▸ EXERCISE AIM:
Give back the data exactly, with no images.

▸ SUPPLIED INFORMATION:
BEGIN
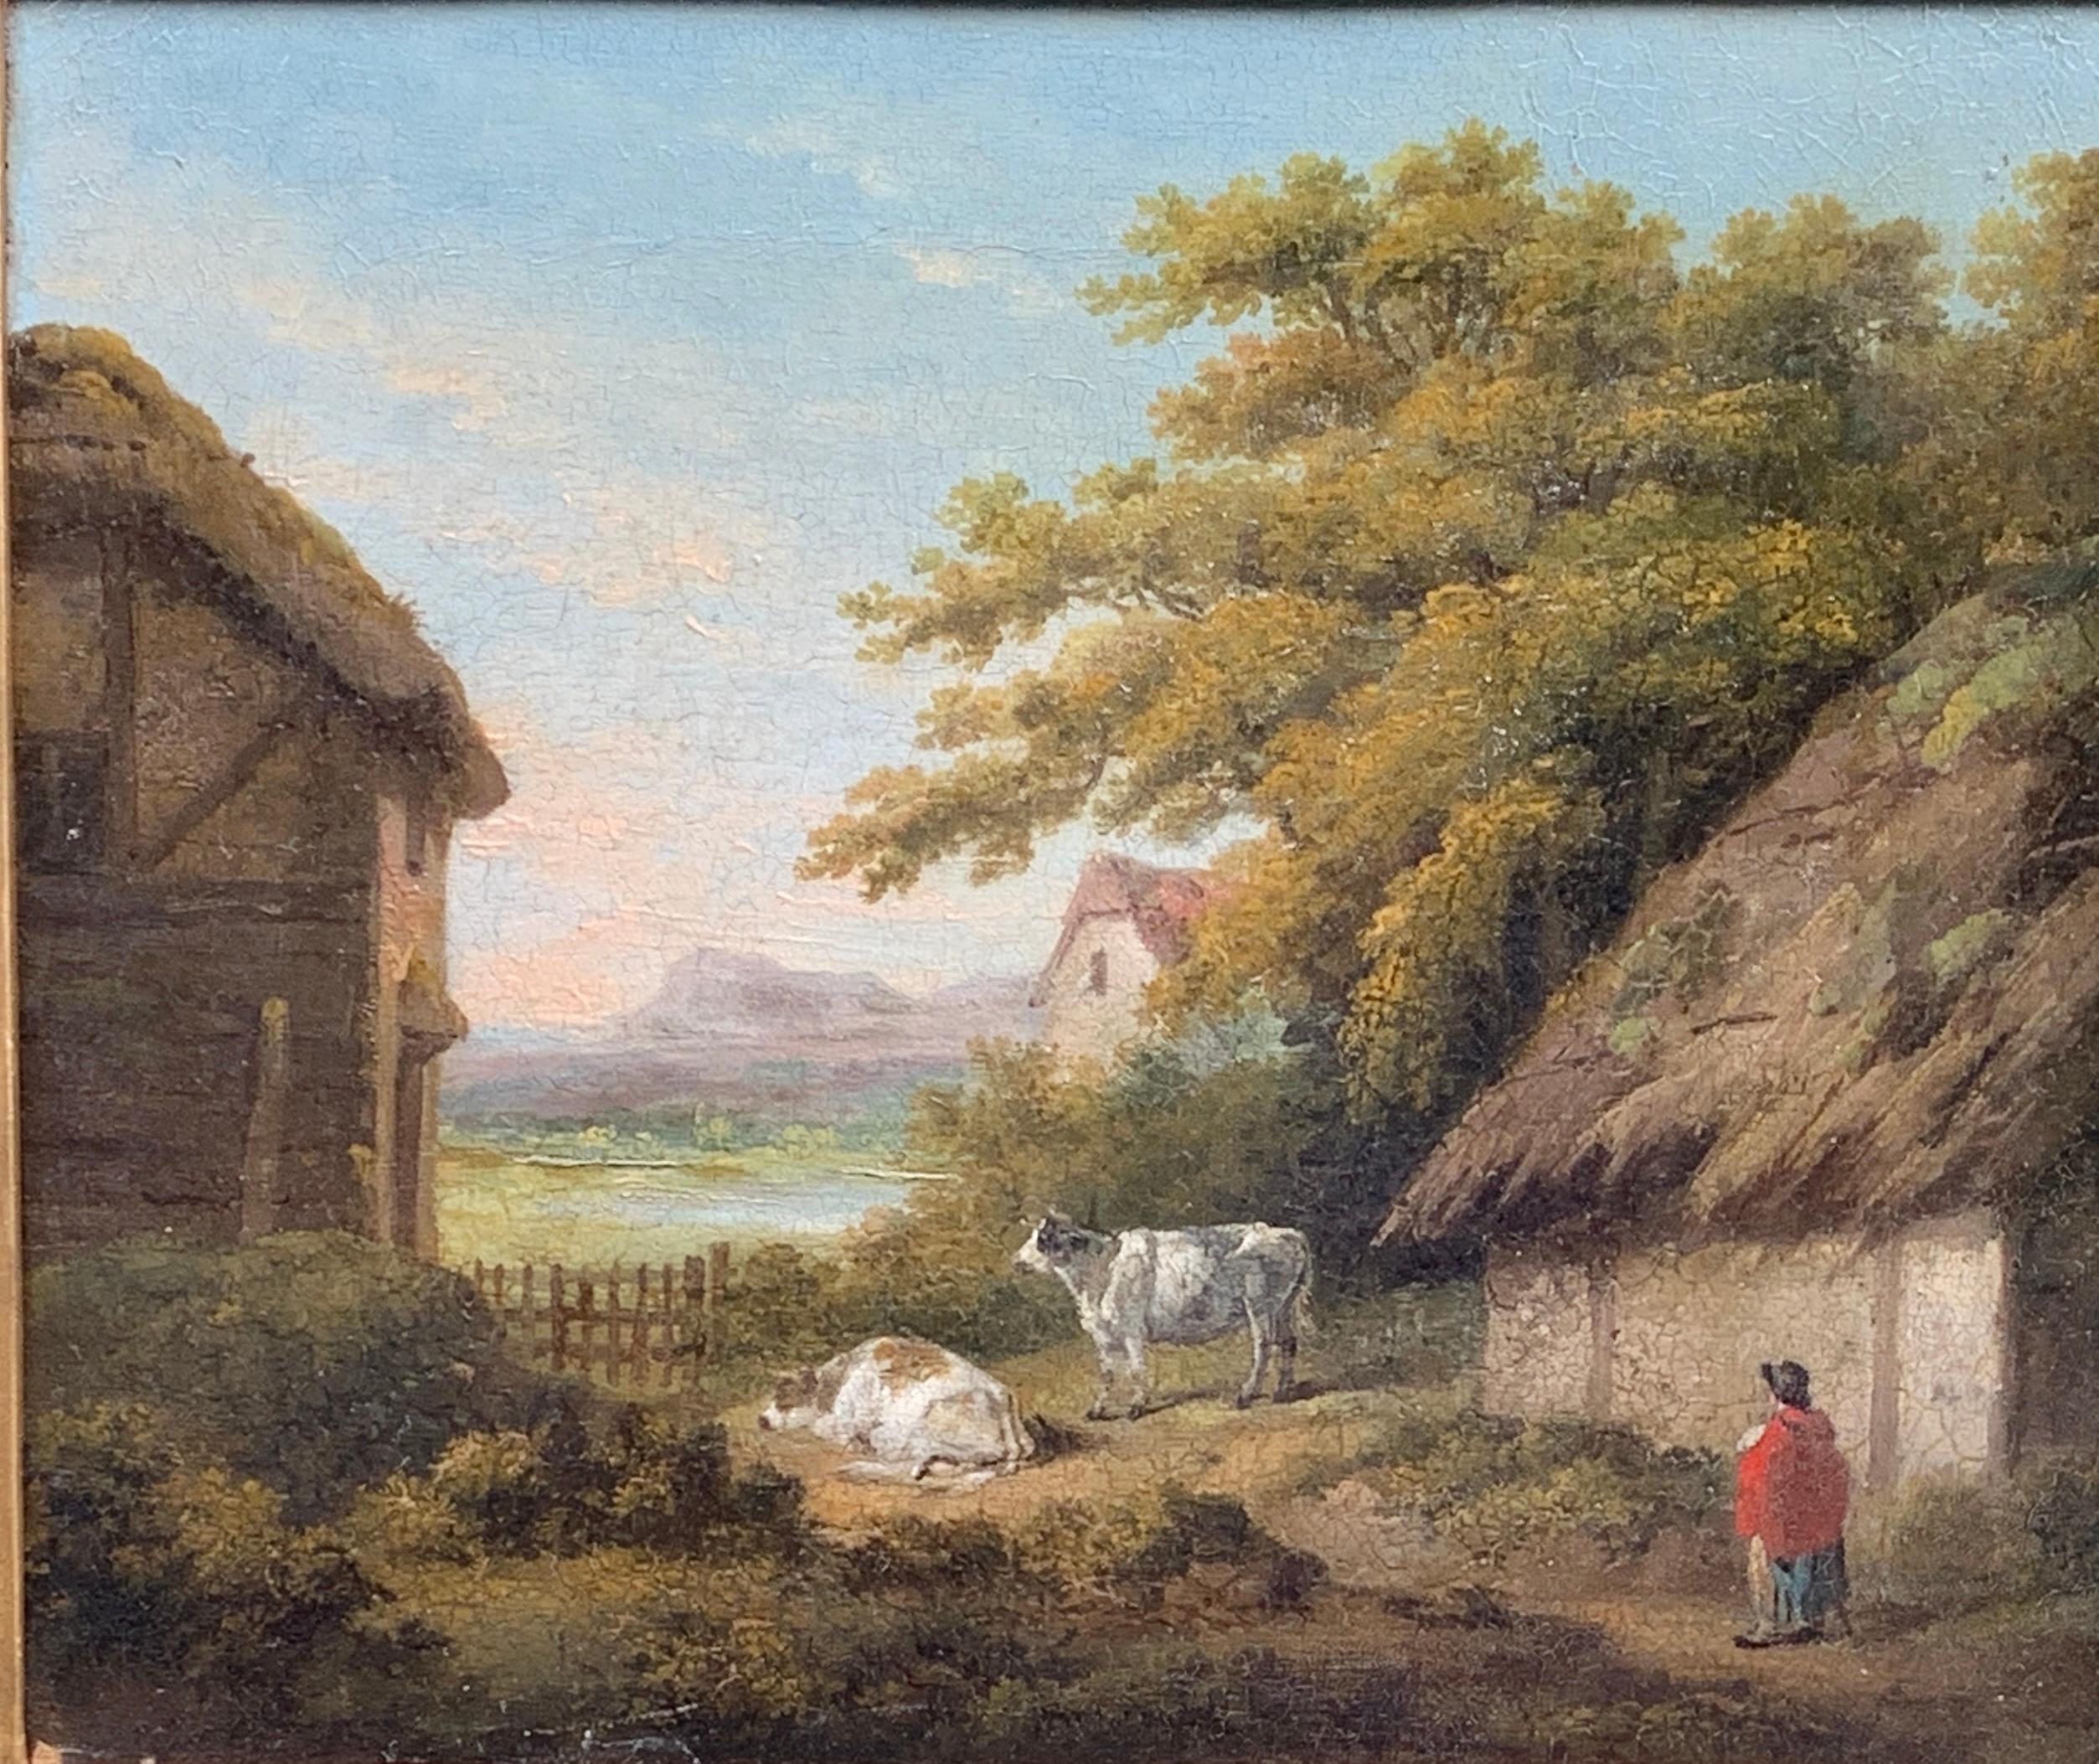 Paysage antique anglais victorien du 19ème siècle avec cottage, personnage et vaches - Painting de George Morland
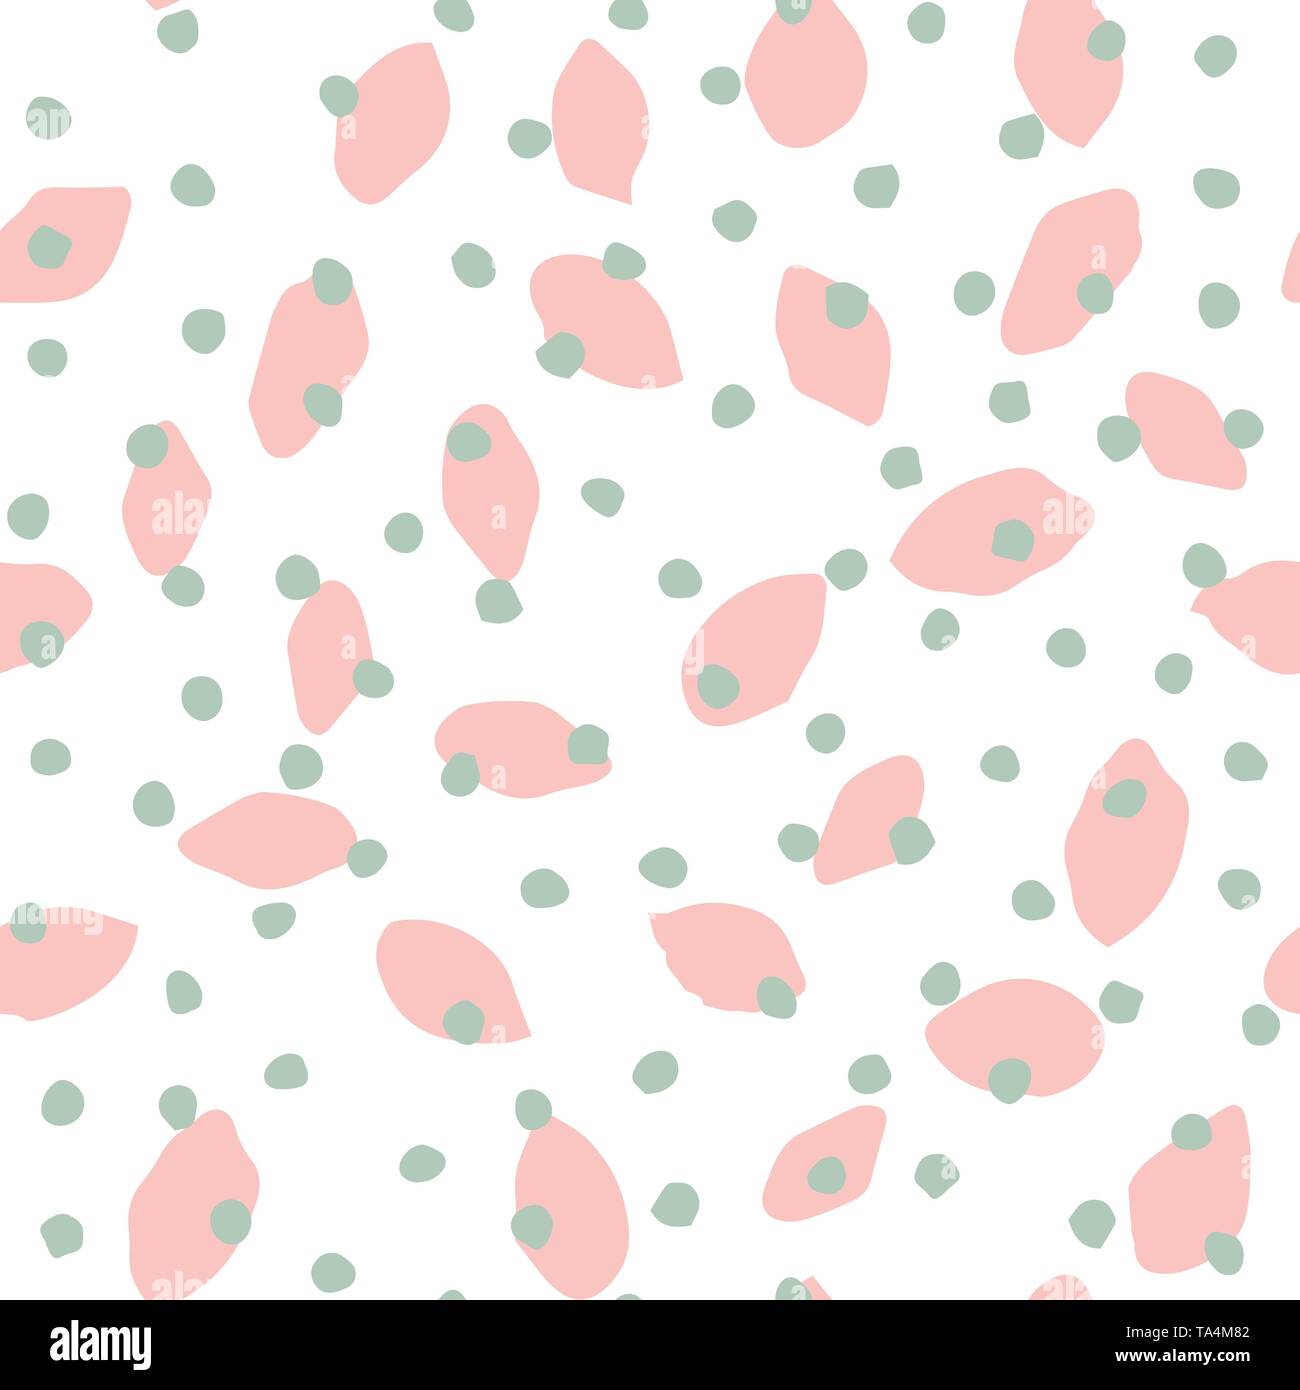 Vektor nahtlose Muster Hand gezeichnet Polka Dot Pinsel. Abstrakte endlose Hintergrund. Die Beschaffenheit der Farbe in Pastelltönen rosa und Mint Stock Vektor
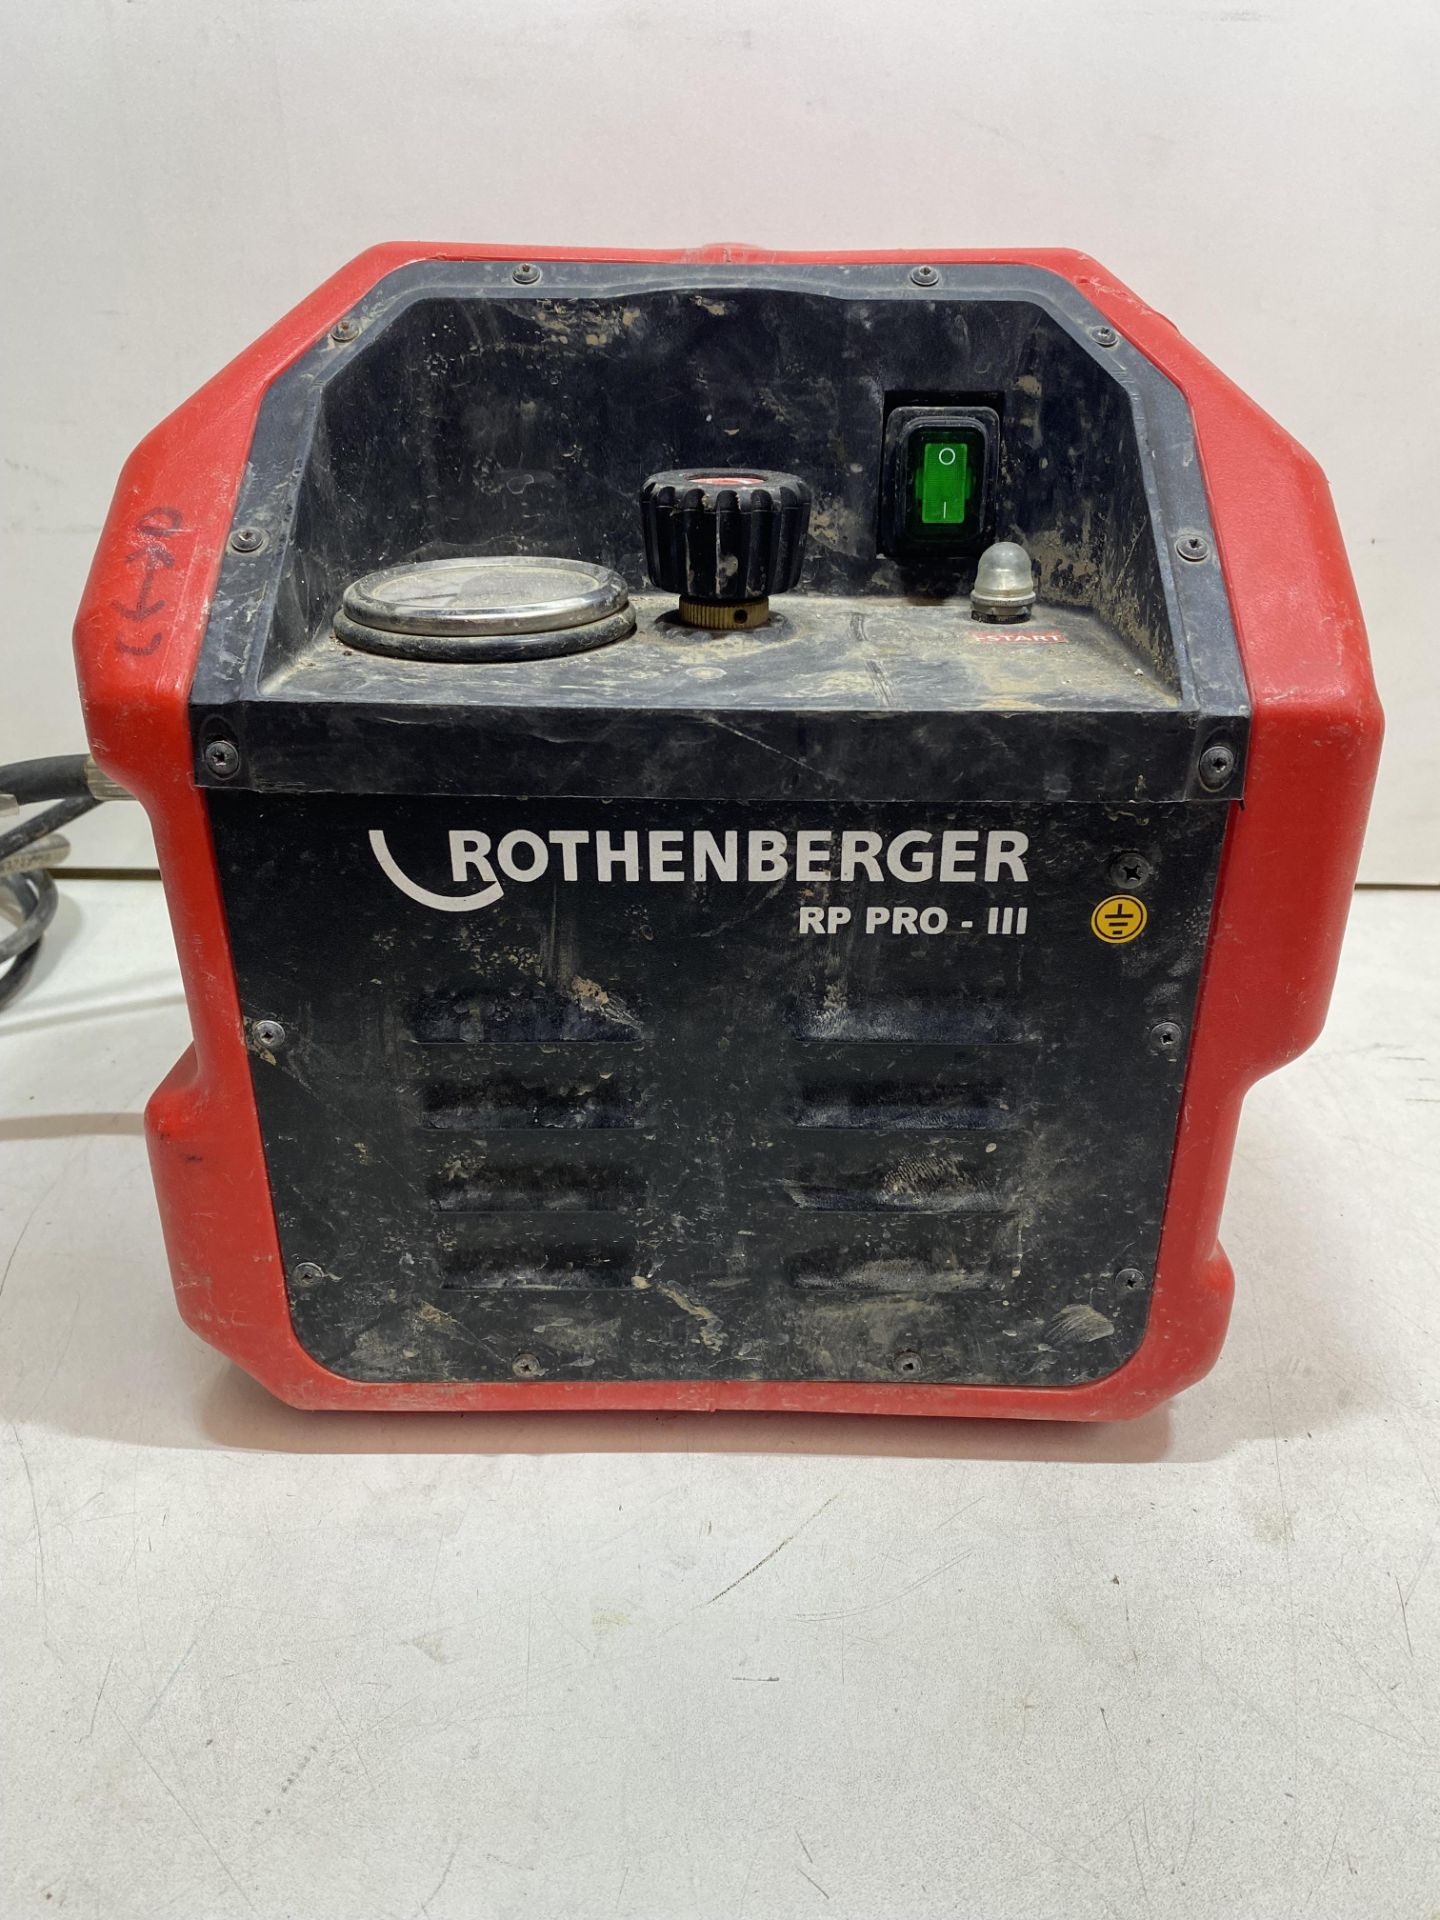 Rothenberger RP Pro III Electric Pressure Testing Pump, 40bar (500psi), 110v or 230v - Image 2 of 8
END
▸ REPLY TO THE EXERCISE:
 Paysage antique anglais victorien du 19ème siècle avec cottage, personnage et vaches - Painting de George Morland
 Vektor nahtlose Muster Hand gezeichnet Polka Dot Pinsel. Abstrakte endlose Hintergrund. Die Beschaffenheit der Farbe in Pastelltönen rosa und Mint Stock Vektor
 Rothenberger RP Pro III Electric Pressure Testing Pump, 40bar (500psi), 110v or 230v - Image 2 of 8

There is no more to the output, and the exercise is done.